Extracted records
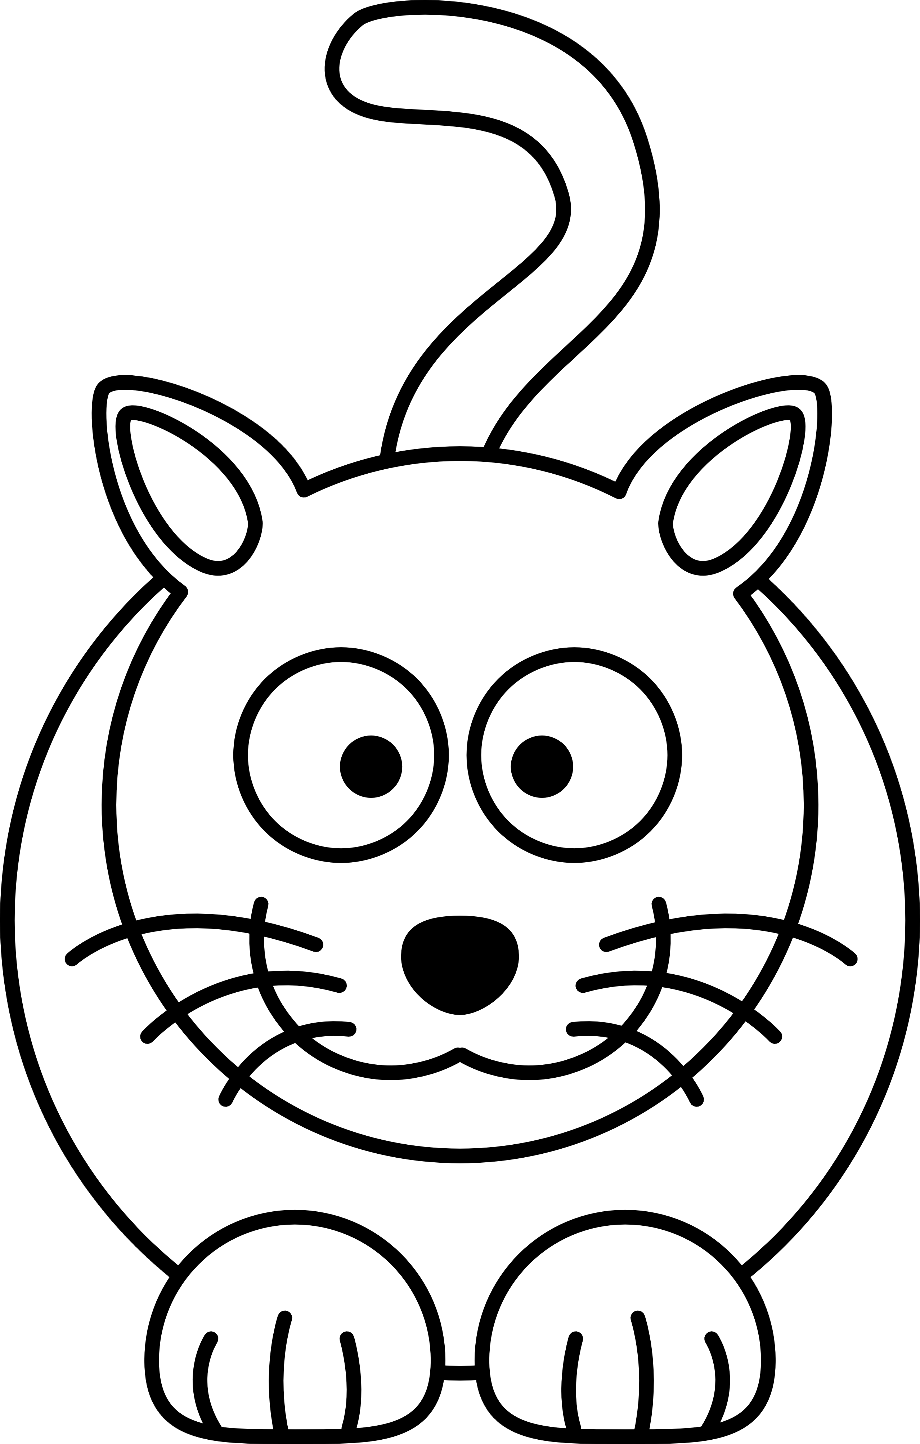 cat-clipart-black-and-white-picture-1636-cat-clipart-black-and-white
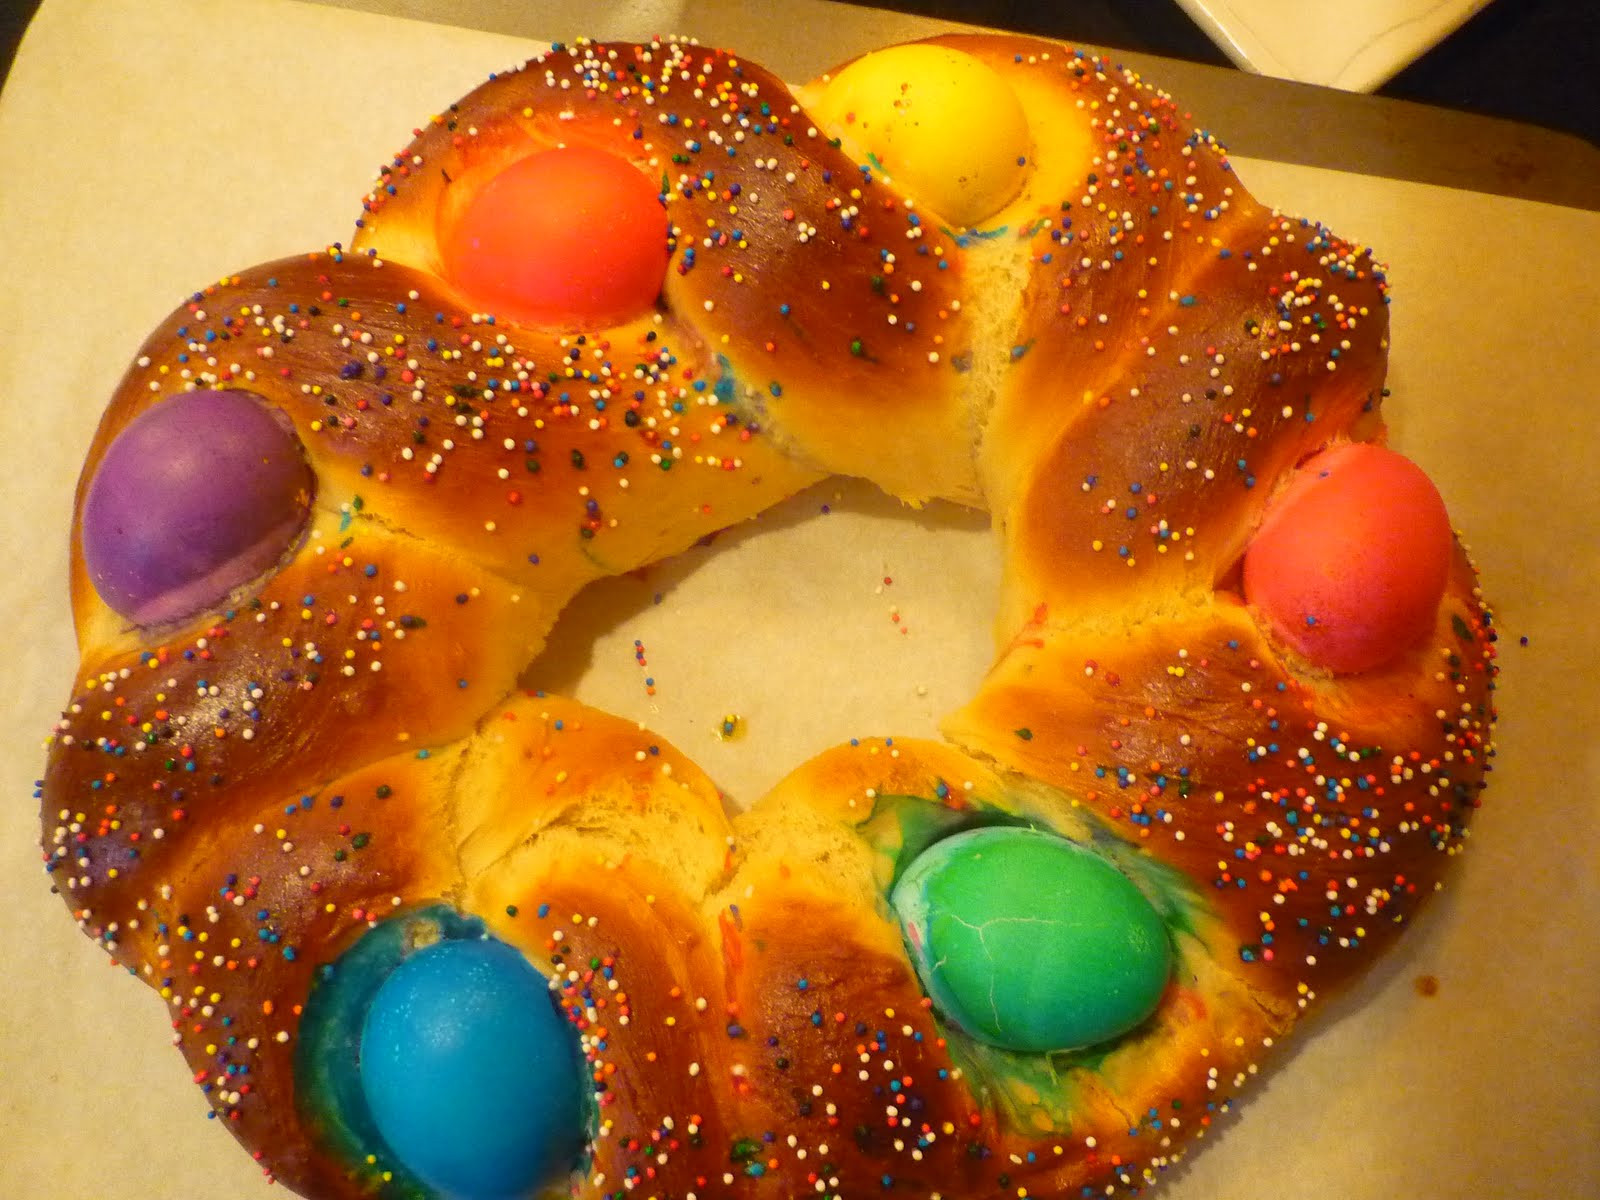 Italian Easter Bread With Hard Boiled Eggs
 Eat A Plant Buona Pasqua with Italian Easter Bread
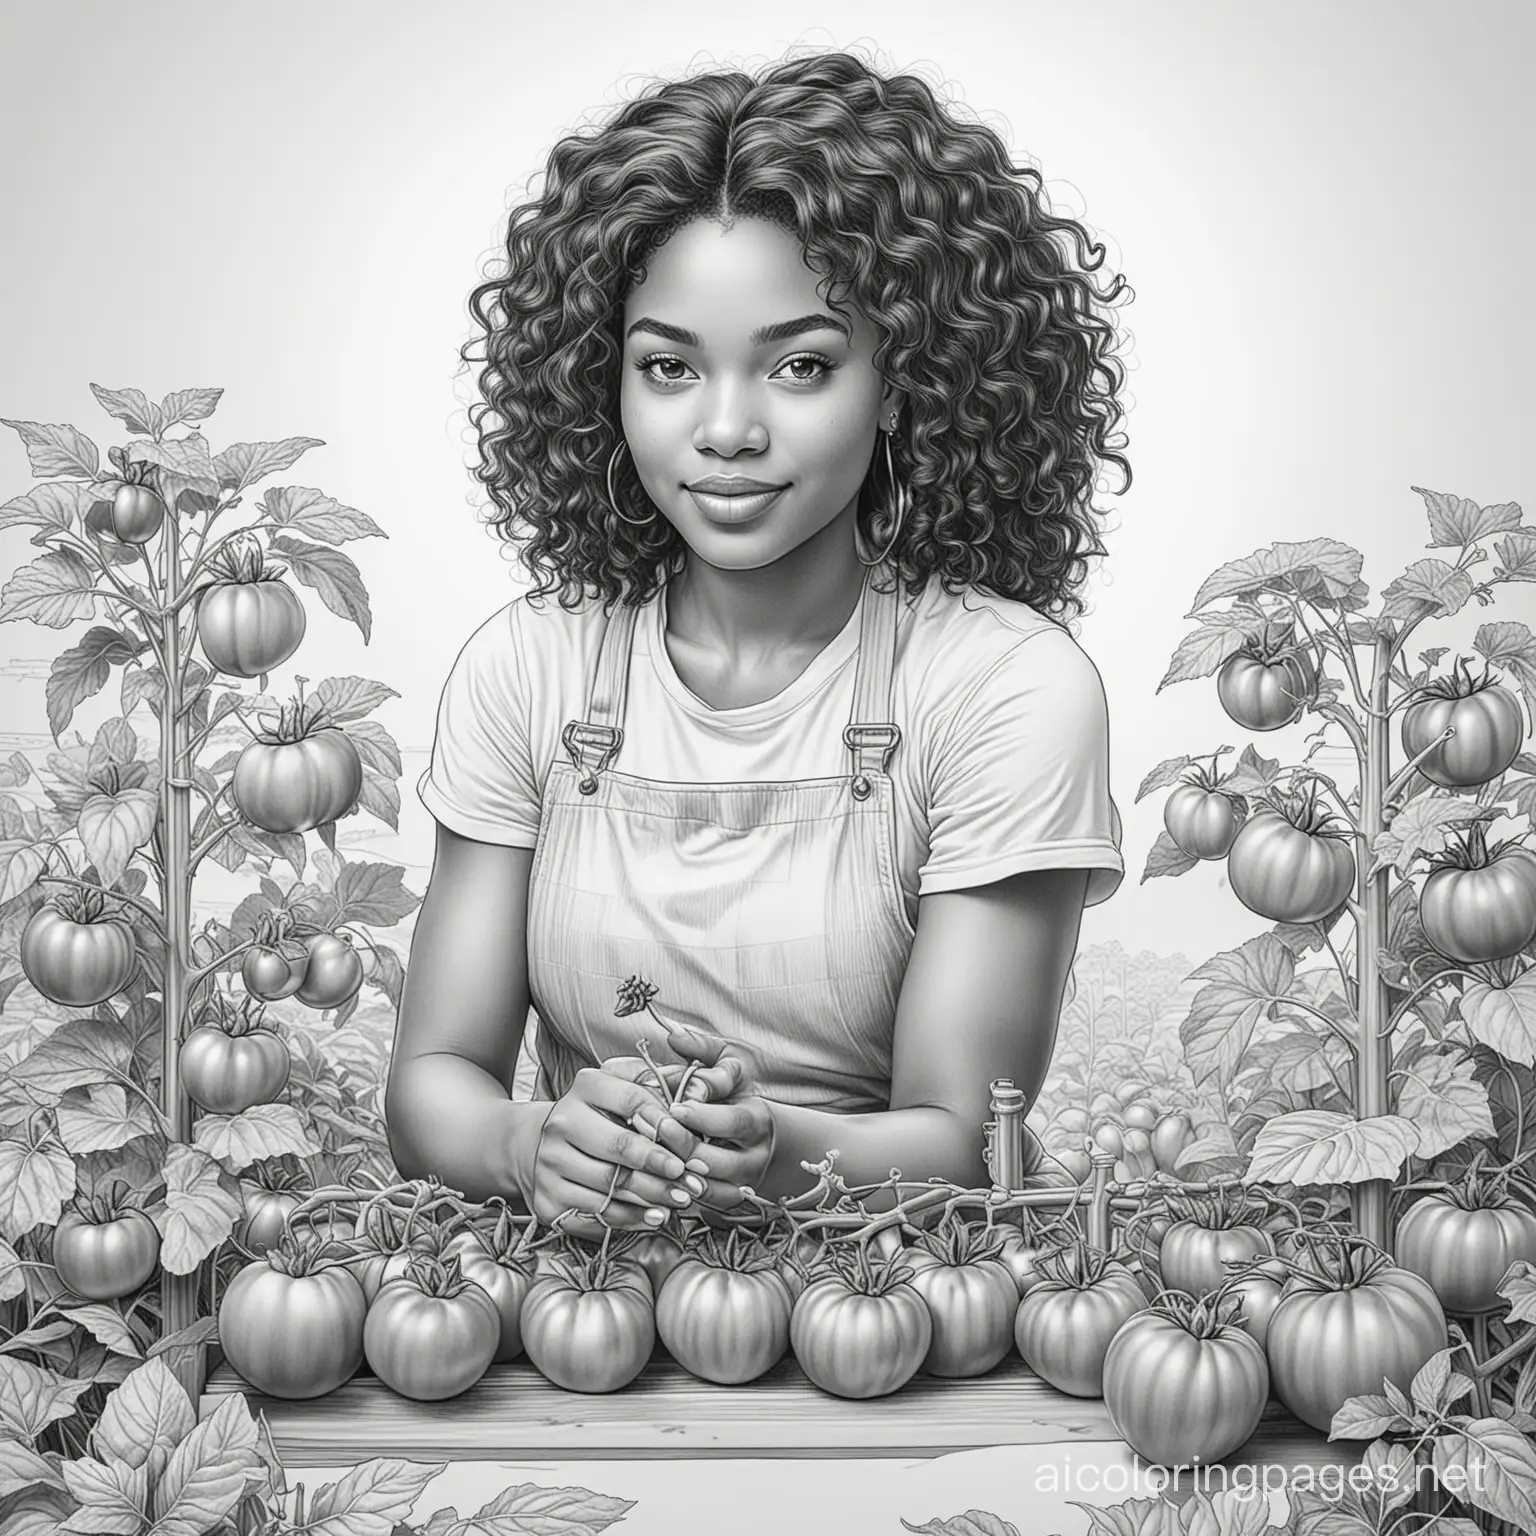 African American woman growing tomatoes, Coloring Page, black and white, line art, white background, Simplicity, Ample White Space. The background of the coloring page is plain white to make it easy for young children to color within the lines. The outlines of all the subjects are easy to distinguish, making it simple for kids to color without too much difficulty
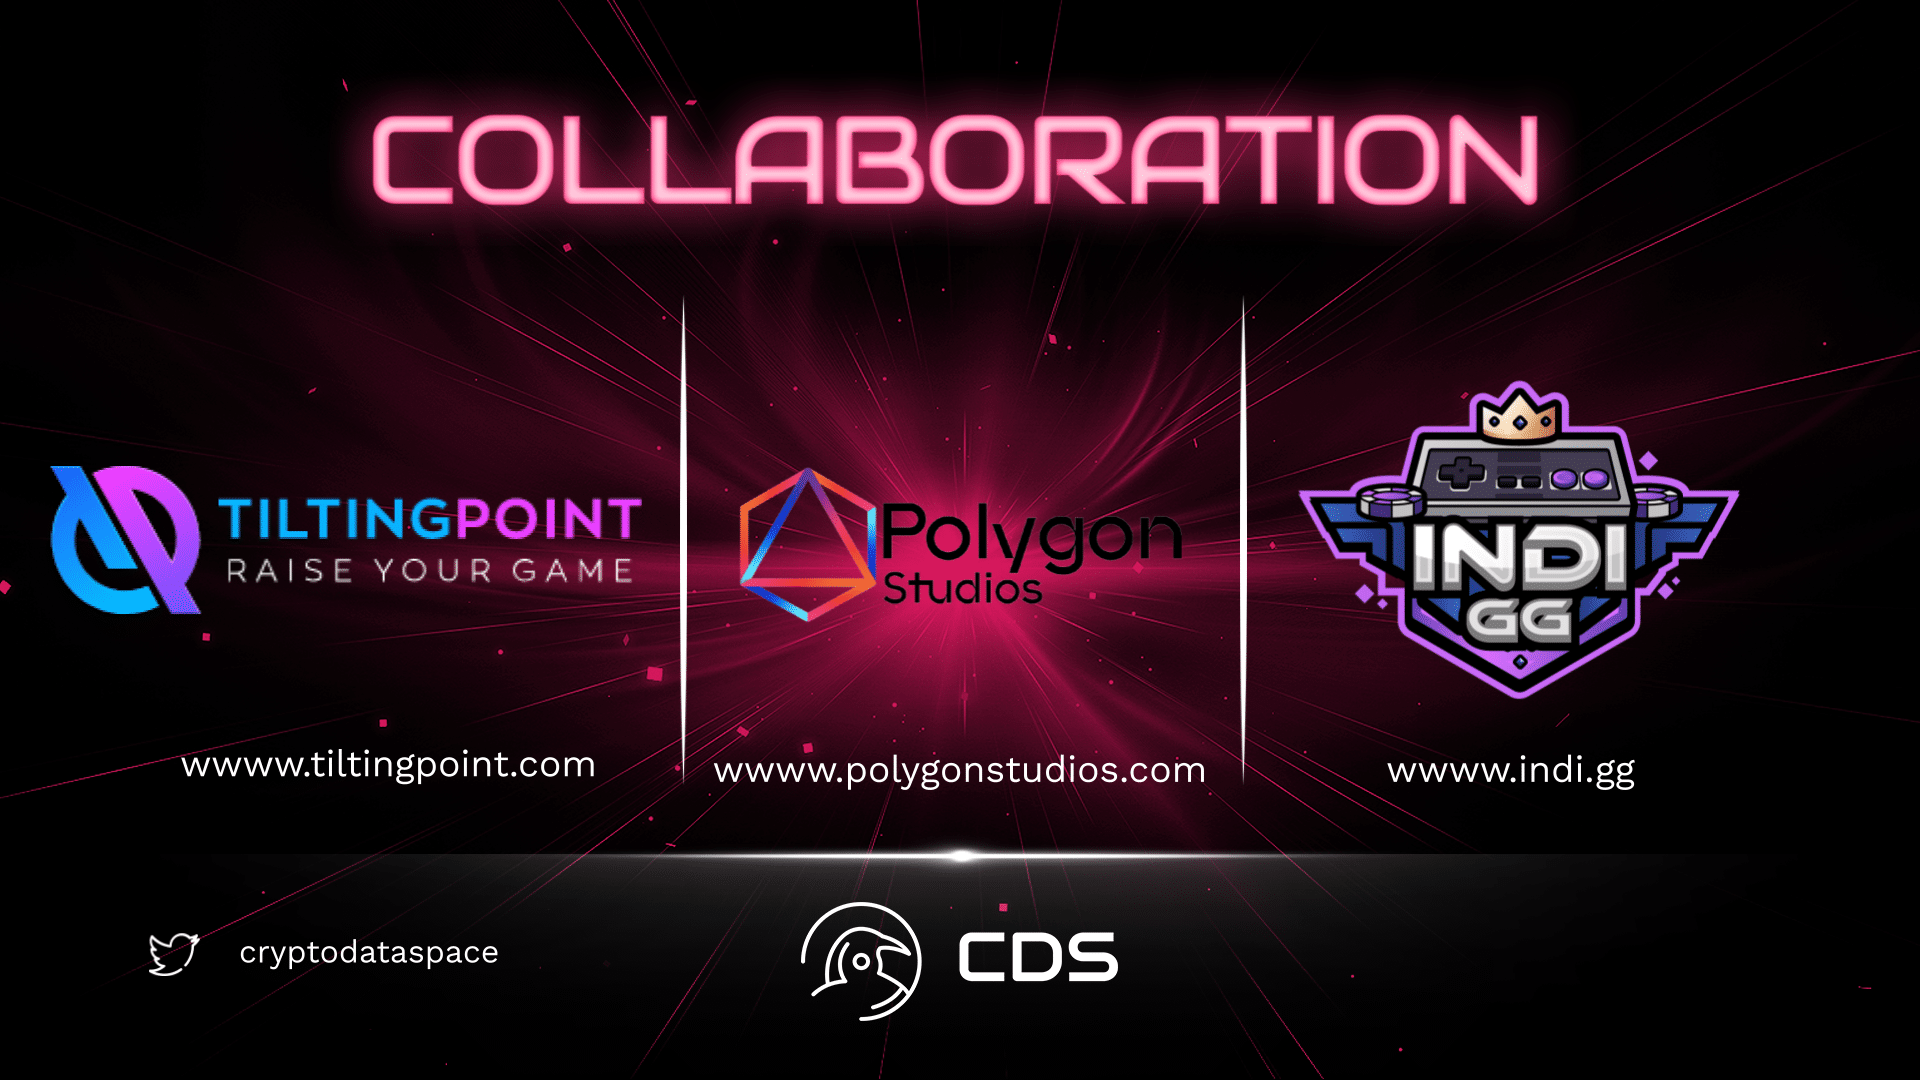 For Web3 Games, IndiGG Announces a Partnership with Tilting Point and Polygon

> **Problem to work on**: Rewrite the data above exactly as given, but omit the images.

> **Response**:
 cat-clipart-black-and-white-picture-1636-cat-clipart-black-and-white
 Italian Easter Bread With Hard Boiled Eggs
 Eat A Plant Buona Pasqua with Italian Easter Bread
 African American woman growing tomatoes, Coloring Page, black and white, line art, white background, Simplicity, Ample White Space. The background of the coloring page is plain white to make it easy for young children to color within the lines. The outlines of all the subjects are easy to distinguish, making it simple for kids to color without too much difficulty
 For Web3 Games, IndiGG Announces a Partnership with Tilting Point and Polygon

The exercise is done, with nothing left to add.